The primary danger here is that this could be a barrier to future improvements.
SVID: System V Interface Definition
The System V Interface Definition nominally describes the interface to
System V UNIX; SVID corresponds to System V Release 2 (SVR2). It is not
clear that even System V ever completely conformed to the SVID
specification --
it's a fairly large specification and has become less important as more
recent specifications have been adopted. You can still see references to SVID in
the STANDARDS section of many man pages, but in practice it's not
significantly used anymore.
SVID was released in 1985 and still received references in the
early '00s. In the additional releases, SVID2 corresponds to
SVR3, and SVID3 corresponds to SVR4. These are the versions most likely to
show up in man pages describing conformance.
POSIX
The POSIX name (coined by Richard Stallman as a vast improvement over
the originally proposed name, "IEEE-IX," which strikes me as the sort of
sound a car alarm makes) refers to a family of related
standards that covers everything from a C programming API to a shell
environment. The POSIX spec is predominantly associated with UNIX
environments, but some non-UNIX systems have adopted all or part of the
POSIX API.
The POSIX specification reflects a generalization of UNIX terminology and API;
in some cases, the POSIX specification of a feature is much looser than
the behavior everyone expects from UNIX systems.
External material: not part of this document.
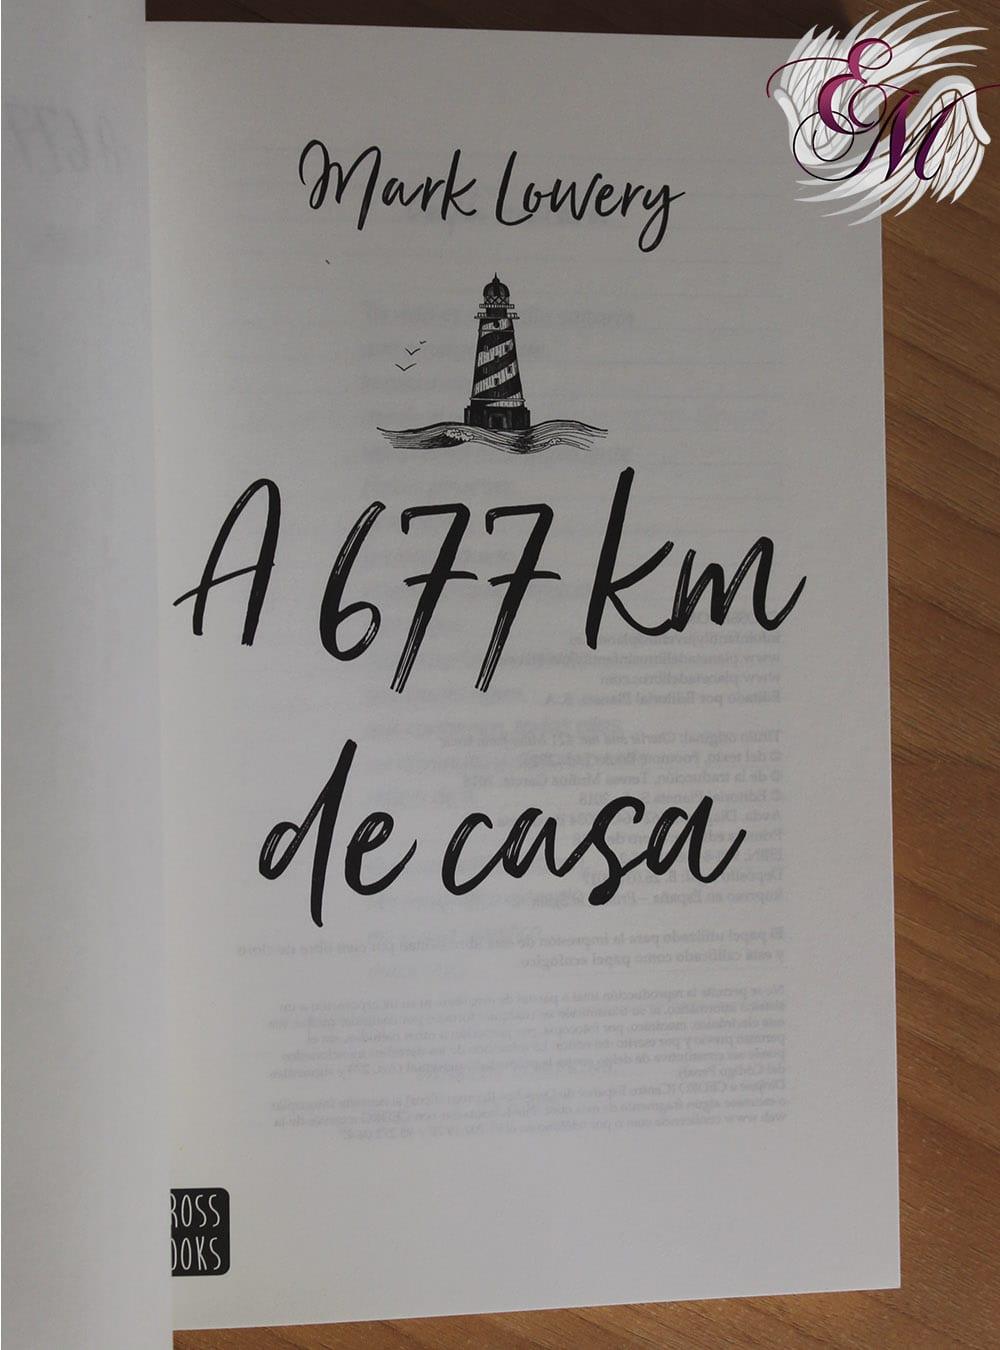 A 677 km de casa, de Mark Lowery - Reseña
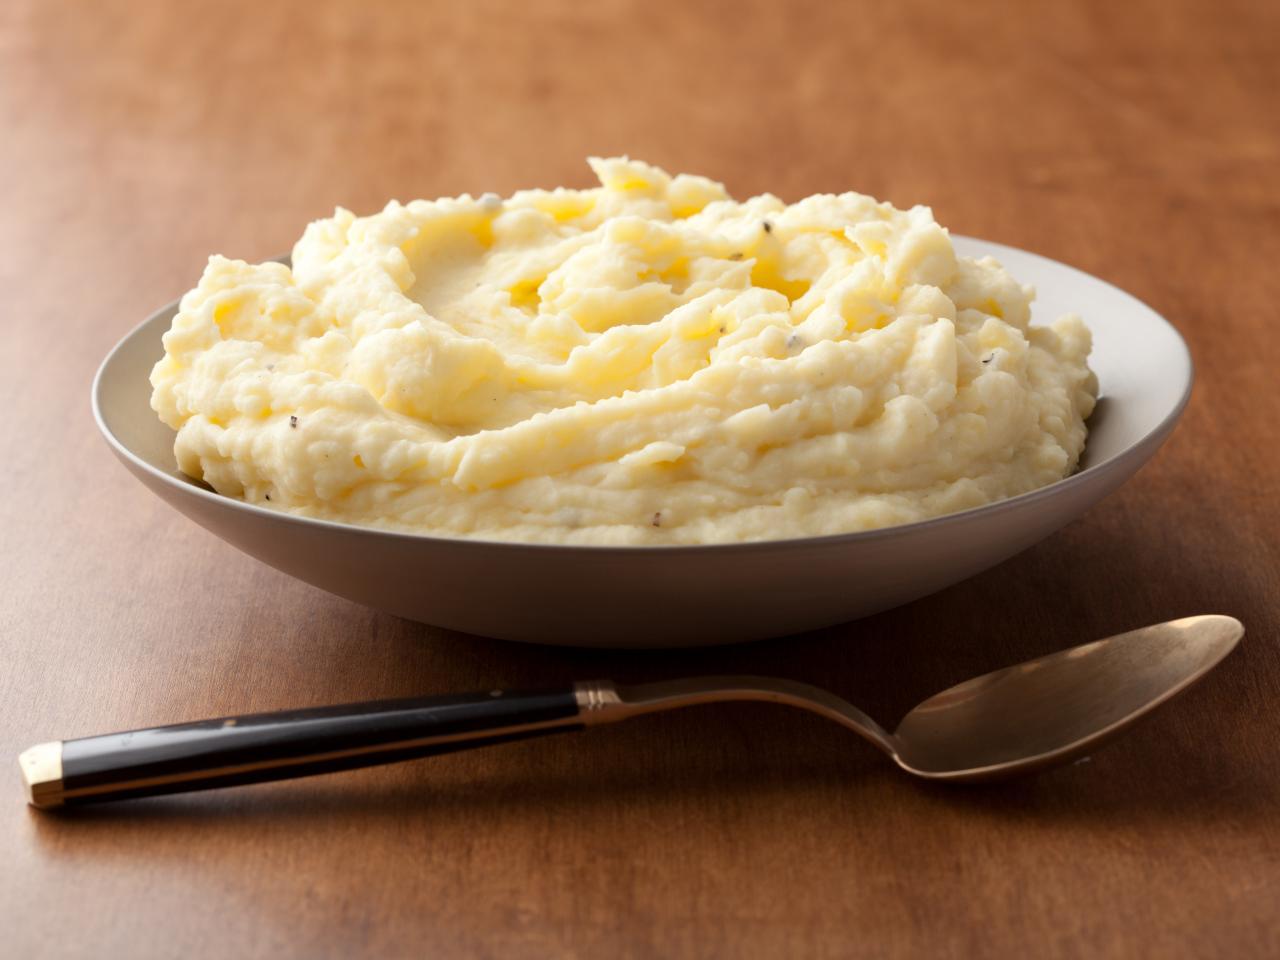 Цел живот погрешно готвите и го уништувате вкусот - Еве како правилно се прави пире од компири

POSIX does not imply UNIX! It is an attempt to generalize the
traditional UNIX API to match a variety of operating system designs. So,
while POSIX implies a hierarchical file system, you might well be able to
manage a reasonably conformant implementation on a system with no real
top-level hierarchy. (For instance, Cygwin's mapping of Windows drive
letters to /cygdrive/c, /cygdrive/d, and so on.) However, people who claim
to be programming "for POSIX" frequently only test on UNIX. As a
side-effect, huge quantities of code allegedly developed "for POSIX
systems" run only on the more UNIX-like POSIX systems since they make many
assumptions not grounded in the specification. Programs that interact closely with
the network stack, refer to the format of the password file, and otherwise
assume they're in a traditional UNIX environment may not be as portable as
the authors think. For a particularly vivid example, try porting a Linux
program that relies heavily on the /proc file system to any other UNIX!
POSIX provides a C programming API and a shell environment
specification. The shell environment defines not only the shell
programming language, but also the core behaviors of a broad range of
utilities. Most UNIX-like systems (such as Linux, OS X, or the BSDs, or
even real, live certified UNIX from the big iron vendors) offer a number of
extensions, both in the behaviors of these utilities and in actual
additional utilities.
Availability as a weakness
One of the weaknesses of POSIX is the availability of the standard
itself. You can get it from IEEE, but you have to buy it and it
costs real money. If you're a commercial OS vendor, it's no big deal.
If you're a programmer, it could be a comparatively large obstacle.
A single programmer who wants a copy of the POSIX specification would have to
pay US$974 for it. That gets a one-year subscription; you are not licensed
to continue referring to the standard thereafter. By comparison, you can obtain the C
standard from ISO for a fraction of that price and once
you've bought it, it's yours. If you're willing to buy from NCITS rather
than ISO, you can get the ISO C standard for US$18.
It's hard to estimate the exact impact of the cost of getting access
to POSIX, but there does seem to be some. Since compliance with other
standards often implies POSIX compliance, some developers simply pick a
different standard and assume everything will work. Speaking as a
developer targeting UNIX, though, I can say that I hate it; I would much
rather see IEEE's pricing model adapt to reflect the needs of the
computing industry.
The pricing and licensing issues can result in situations where,
although POSIX compliance is the formal term of a specification, neither
party finds it convenient to refer to the POSIX specification itself, preferring to
refer to related or similar specifications.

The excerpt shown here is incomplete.